■ Input ■
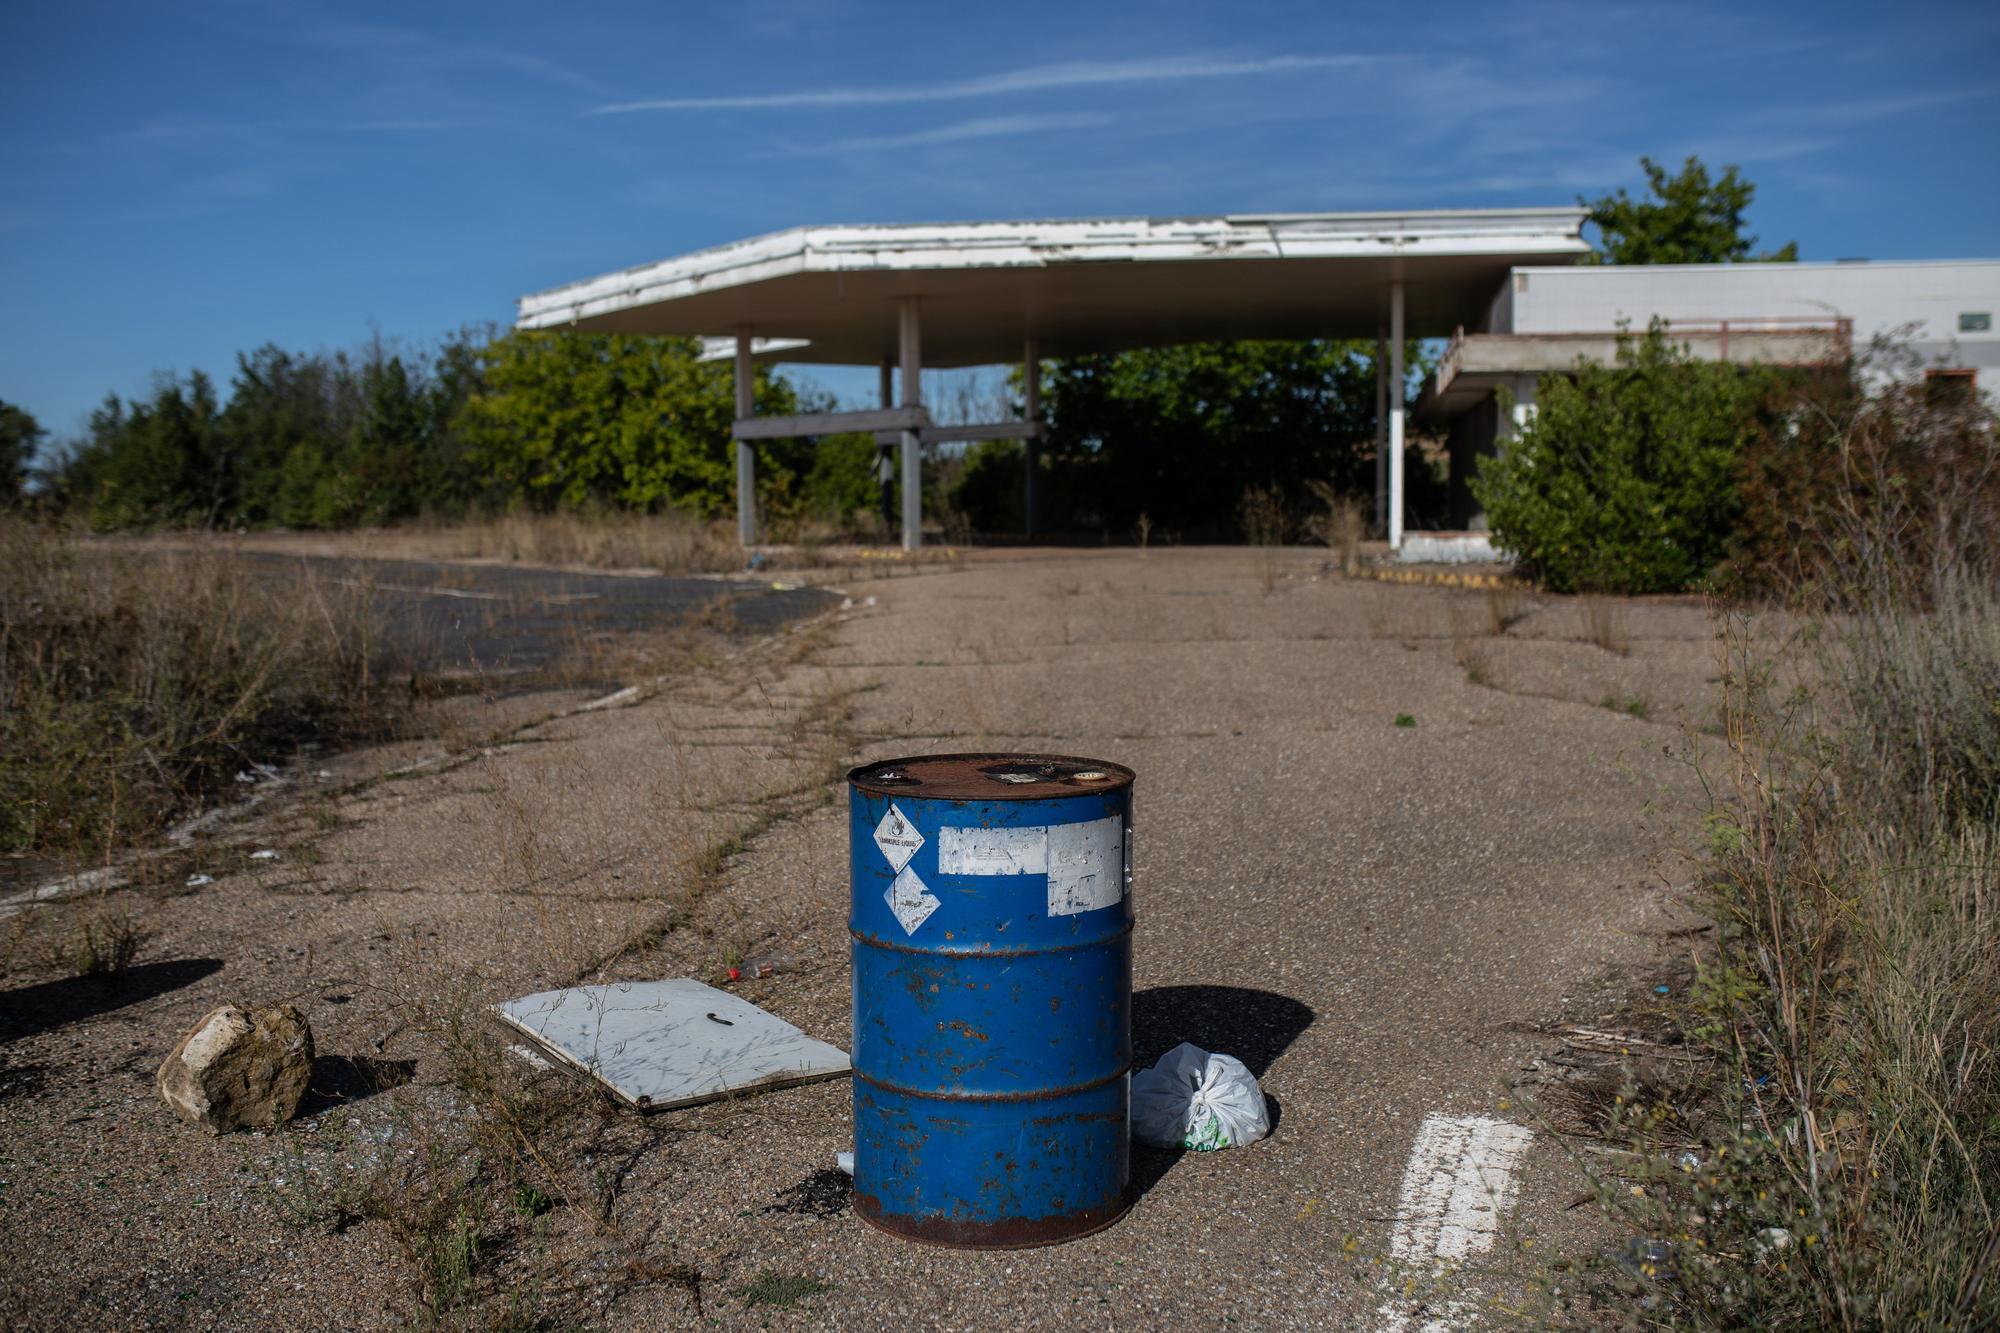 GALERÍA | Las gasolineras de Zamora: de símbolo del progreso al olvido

---

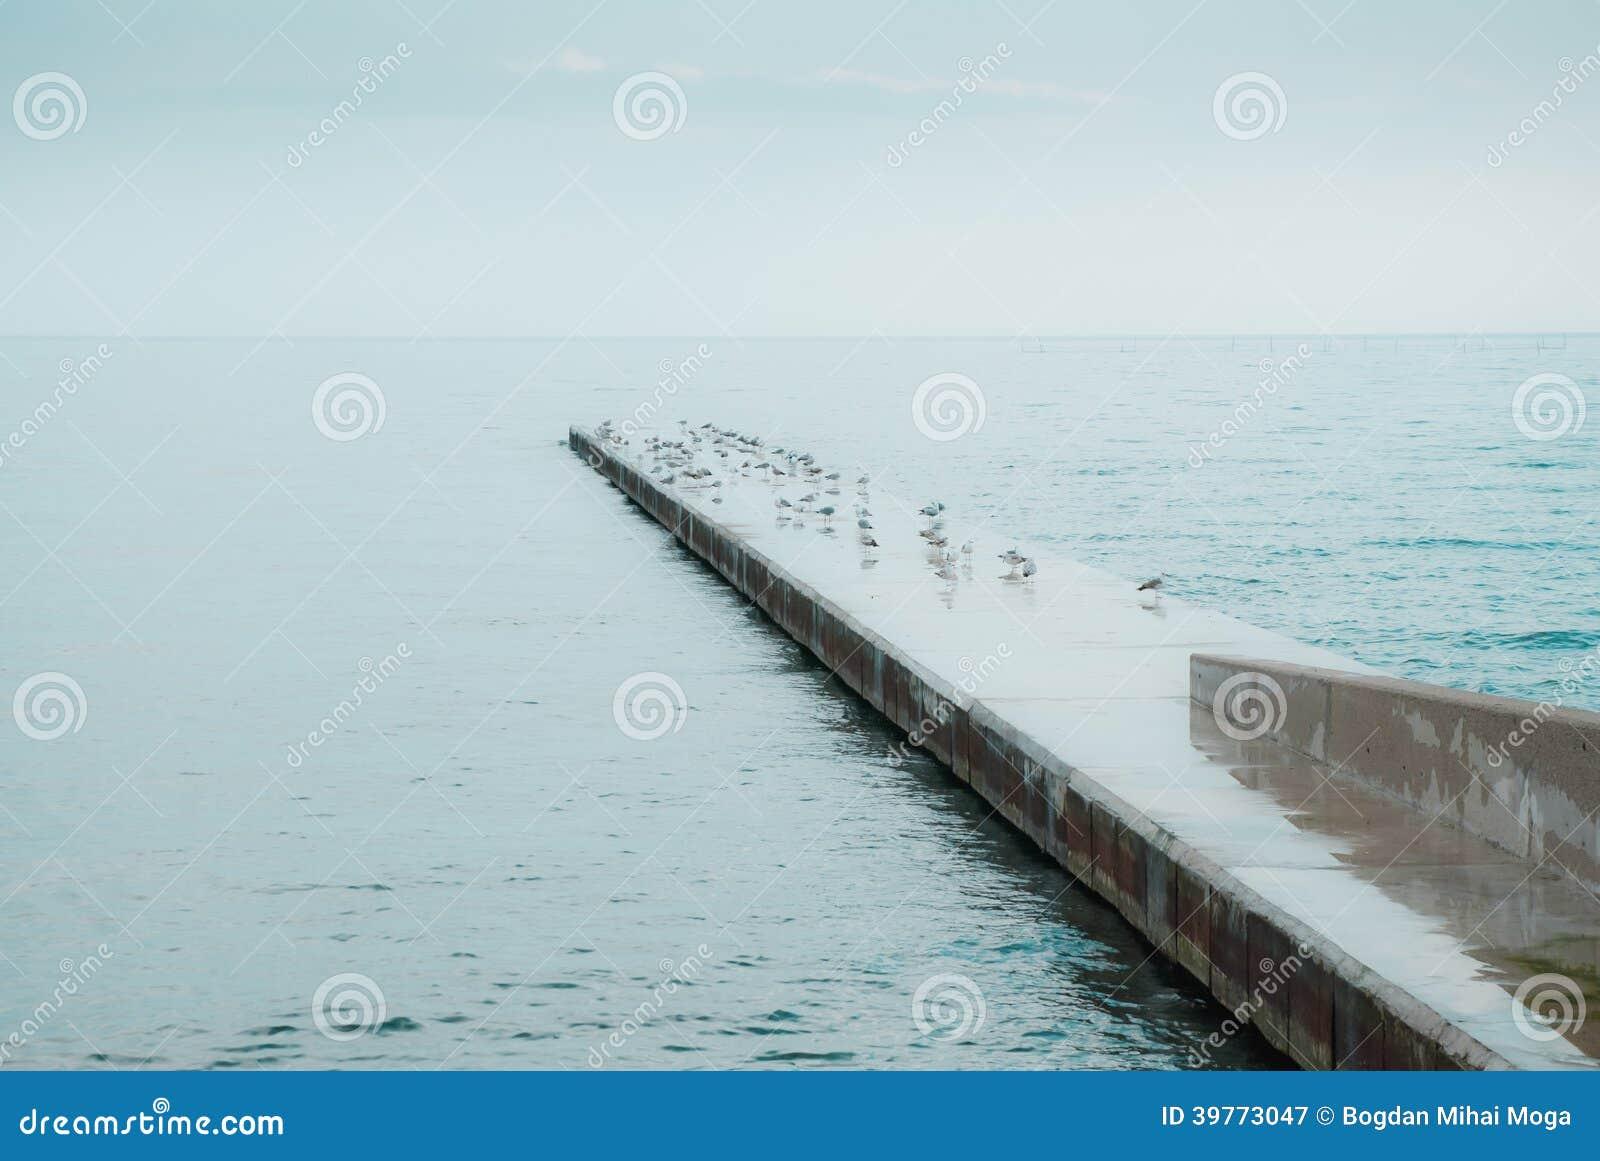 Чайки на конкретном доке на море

==

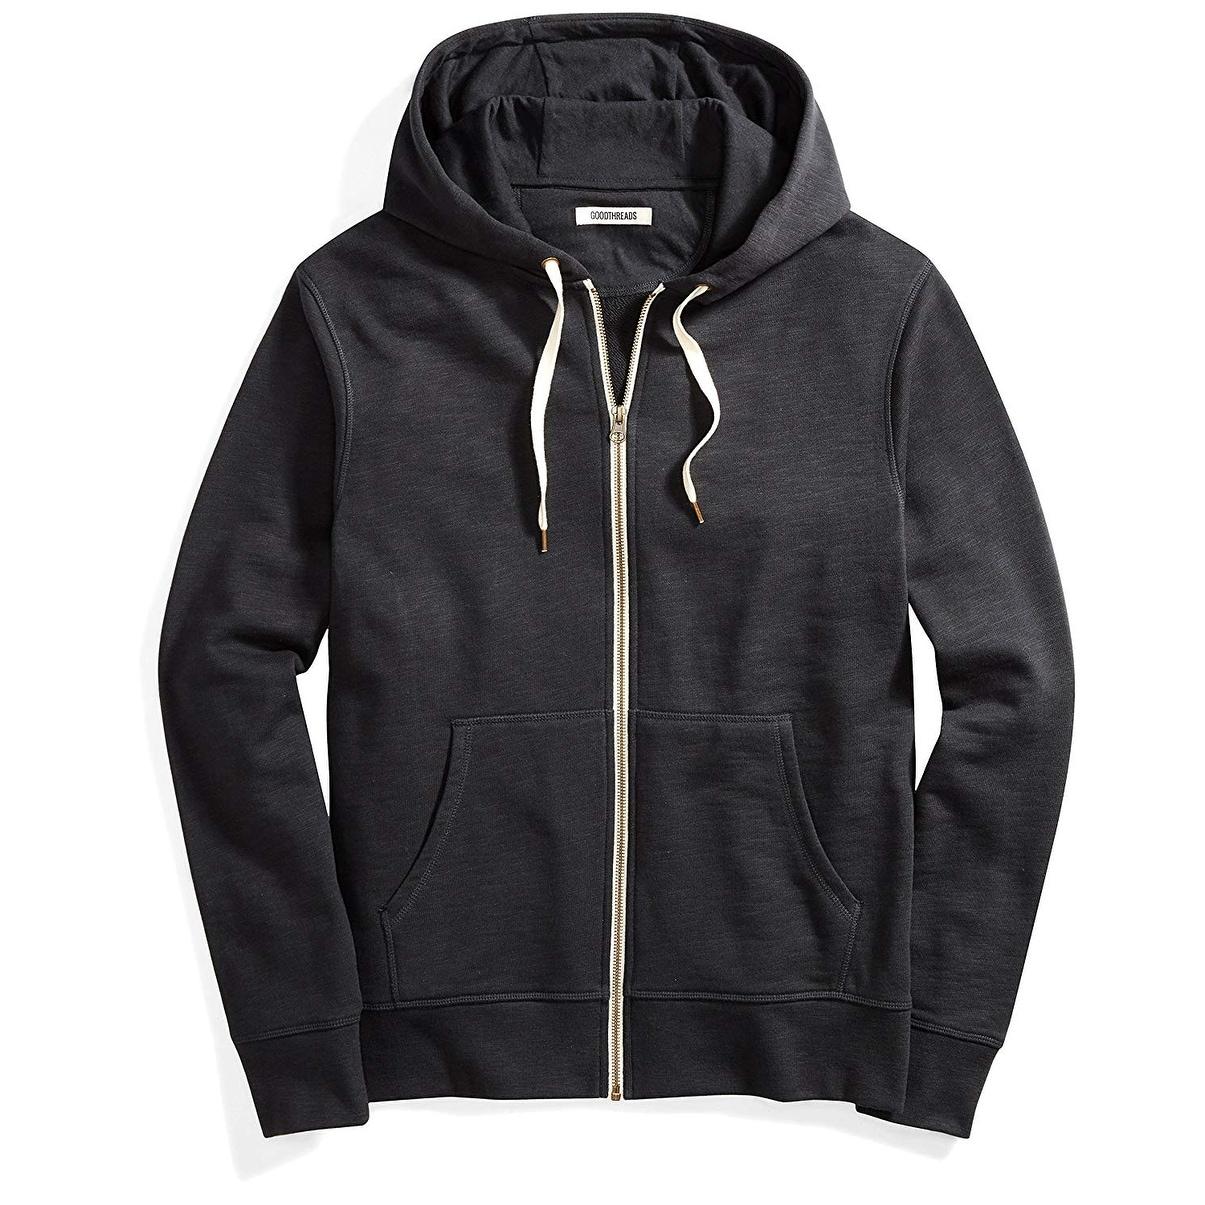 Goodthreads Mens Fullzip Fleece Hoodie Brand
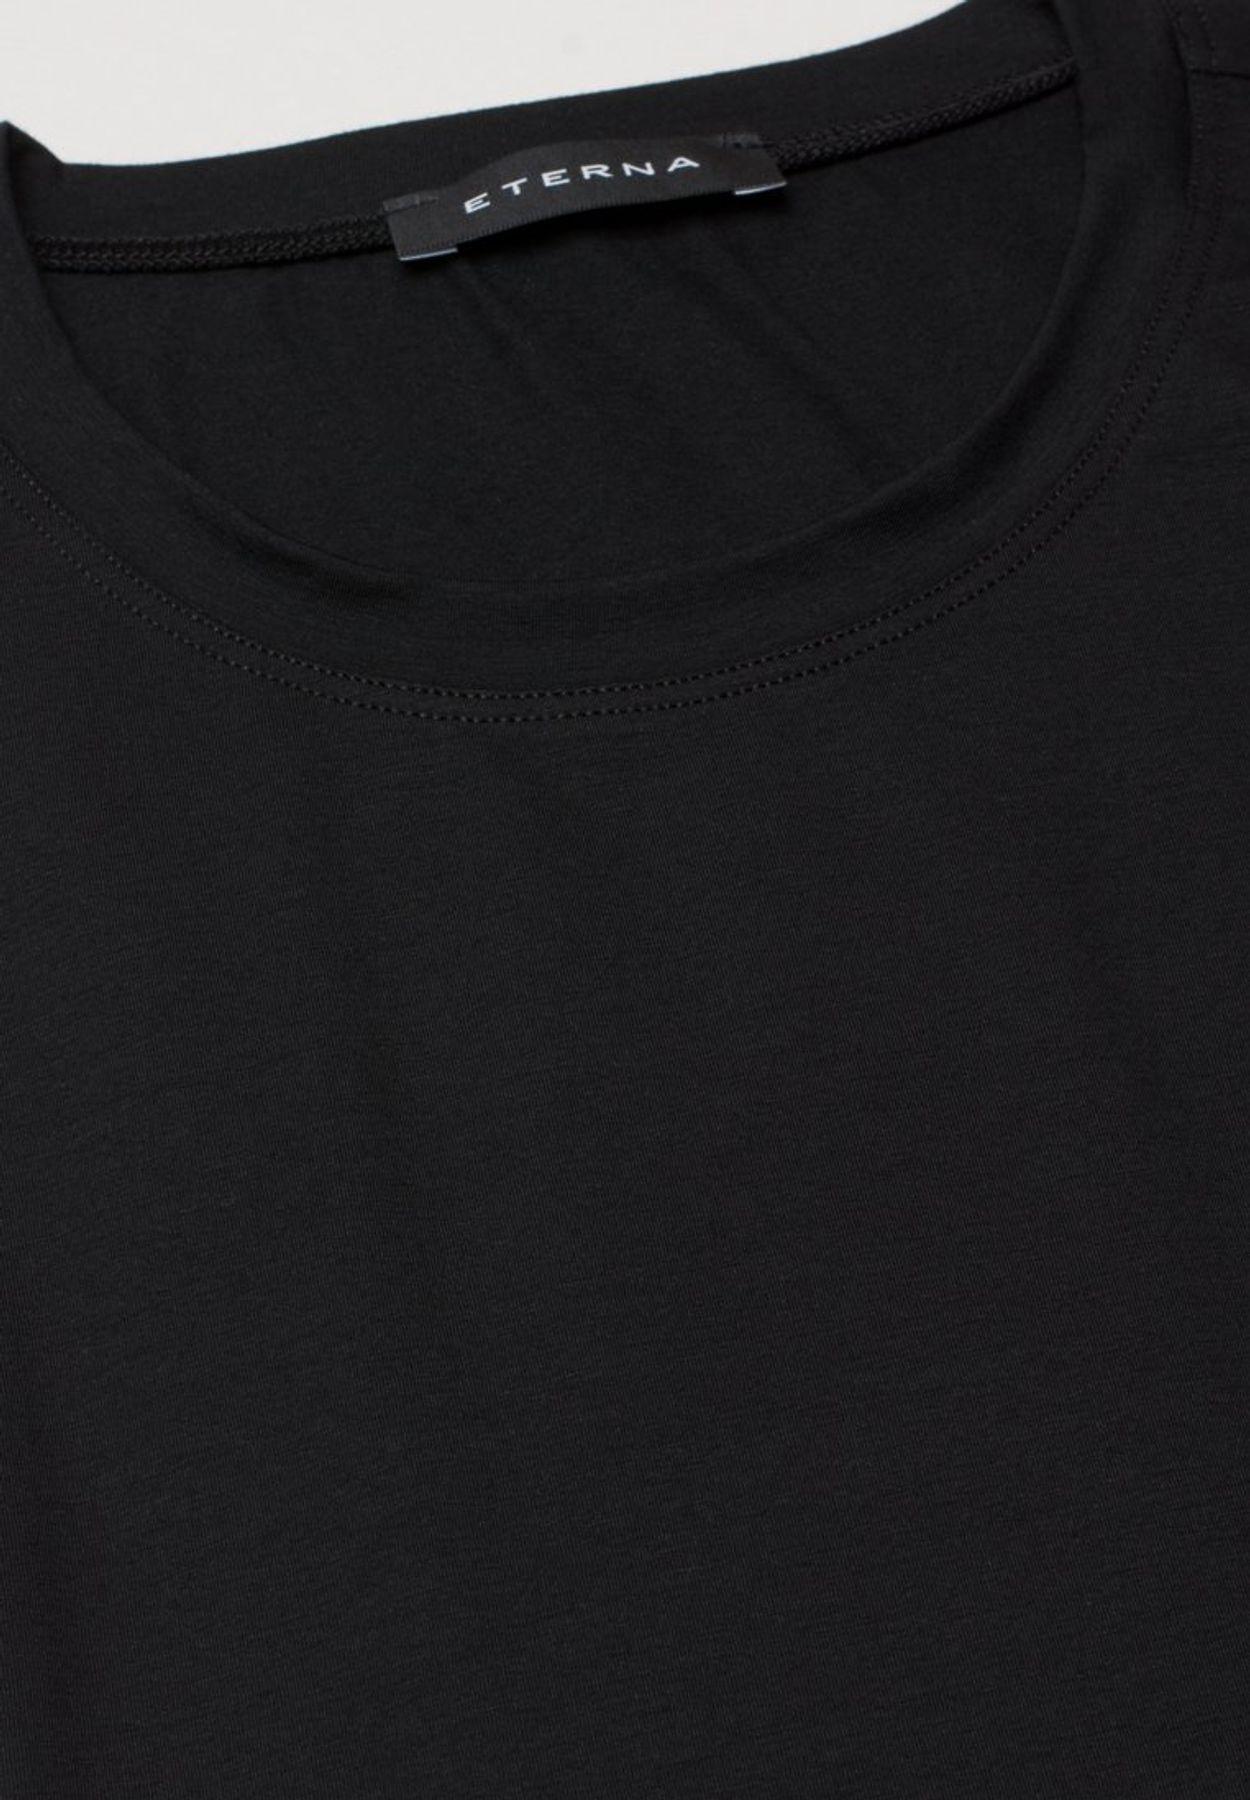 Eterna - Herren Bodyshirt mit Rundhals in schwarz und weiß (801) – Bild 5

■ What is expected ■
Above, find the line with "Goodthreads Mens Fullzip Fleece Hoodie Brand"; copy it and every line down to the line with "Eterna - Herren", exactly and both included, but no pictures.

■ Answer section ■
 Goodthreads Mens Fullzip Fleece Hoodie Brand
 Eterna - Herren Bodyshirt mit Rundhals in schwarz und weiß (801) – Bild 5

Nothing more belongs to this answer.